The world's first floating wind turbine could be generating electricity in the North Sea in 2009 under a research pact on Monday between Norwegian energy group Norsk Hydro and German engineering firm Siemens. Floating wind turbines would represent a technological breakthrough for offshore power generation, which has had to rely on shallow sites for turbines installed on the seabed. "It's attractive to have windmills out at sea, out of sight of land, away from birds' migration routes," said Alexandra Bech Gjoerv, head of Hydro's New Energy division at a signing ceremony to develop floating wind turbine technology. "We want to build the world's first offshore floating windmill," Bech Gjoerv said. "We want to produce a lot of energy, out of sight."

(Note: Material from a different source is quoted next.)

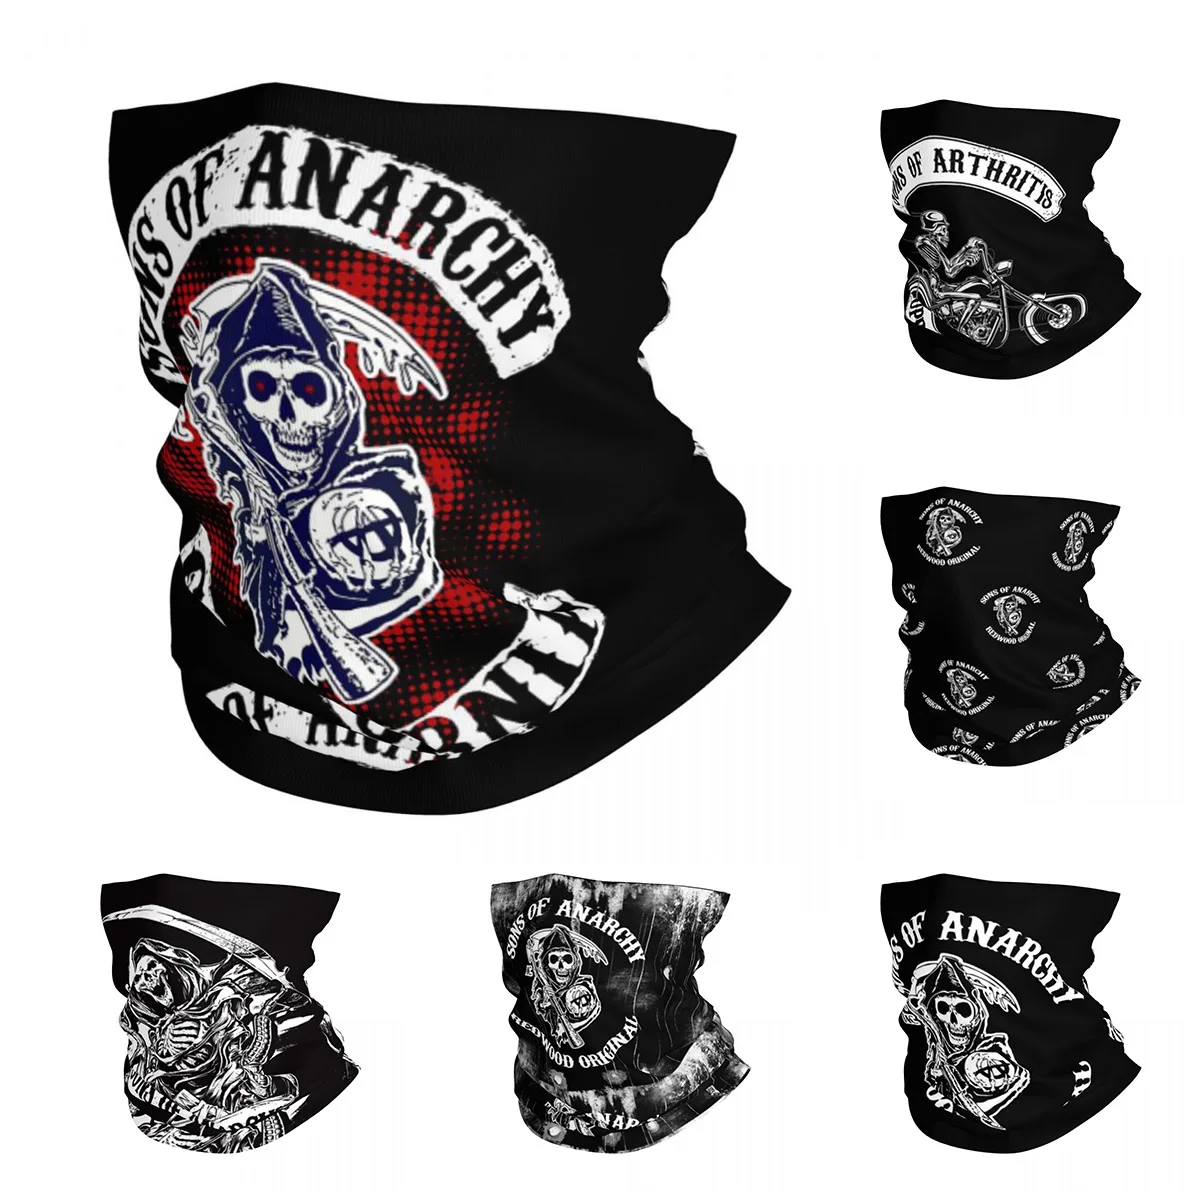 SOA Sons Of Anarchy Bandana Neck Cover Printed the Death Fear the Reaper Face Scarf Headwear Cycling Men Women Adult All Season

Under the plan, Hydro will combine its knowledge of floating installations, such as North Sea loading buoys for oil tankers, with Siemens' expertise in building turbines, both on land and standing in shallow waters offshore. Floating wind turbines are more costly than on land but could supply power both to offshore oil or gas platforms or to coastal cities, cutting emissions of greenhouse gases from fossil fuels and defusing objections that turbines are eyesores. Hydro said a prototype, costing 200 million crowns (US$33.64 million), could be in place in the North Sea in 2009 assuming the firm agreed funding this year. The timetable is two years' later than hoped when Hydro unveiled a floating design in 2005.
If tests of the 5 megawatt wind turbine were successful, a small offshore wind park could be built around 2013-14. Siemens said it would spend several million euros (dollars) on the research project, on which Hydro has already spent 30 million crowns.
DANISH PARK
A Siemens unit built the first offshore wind park in 1991, with turbines standing on the seabed off Copenhagen. "Windmills standing in waters deeper than about 30 metres become prohibitively expensive," said Henrik Stiesdal, chief technology officer of Siemens' wind power unit. Hydro's "is the most elegant and simple solution we have seen." Hydro's design is an upright steel tube with a concrete base about 200 metres (660 feet) long with 80 metres jutting above the water and three blades 60 metres long. The wind turbine is tied to the seabed by three cables to keep it steady in seas where waves can be 30 metres (100 ft) high. Hydro reckons it can work in waters 700 metres deep.
Stiesdal said other models for wind turbines at sea relied on more complex designs such as giant tripods mounted on the seabed or turbines mounted on floating boat-like structures. Bech Gjoerv said Hydro hoped that generation costs from a floating wind turbine could be cut in the long term to 0.6 crowns (US$0.109) per kilowatt hour, comparable with wind turbines on land.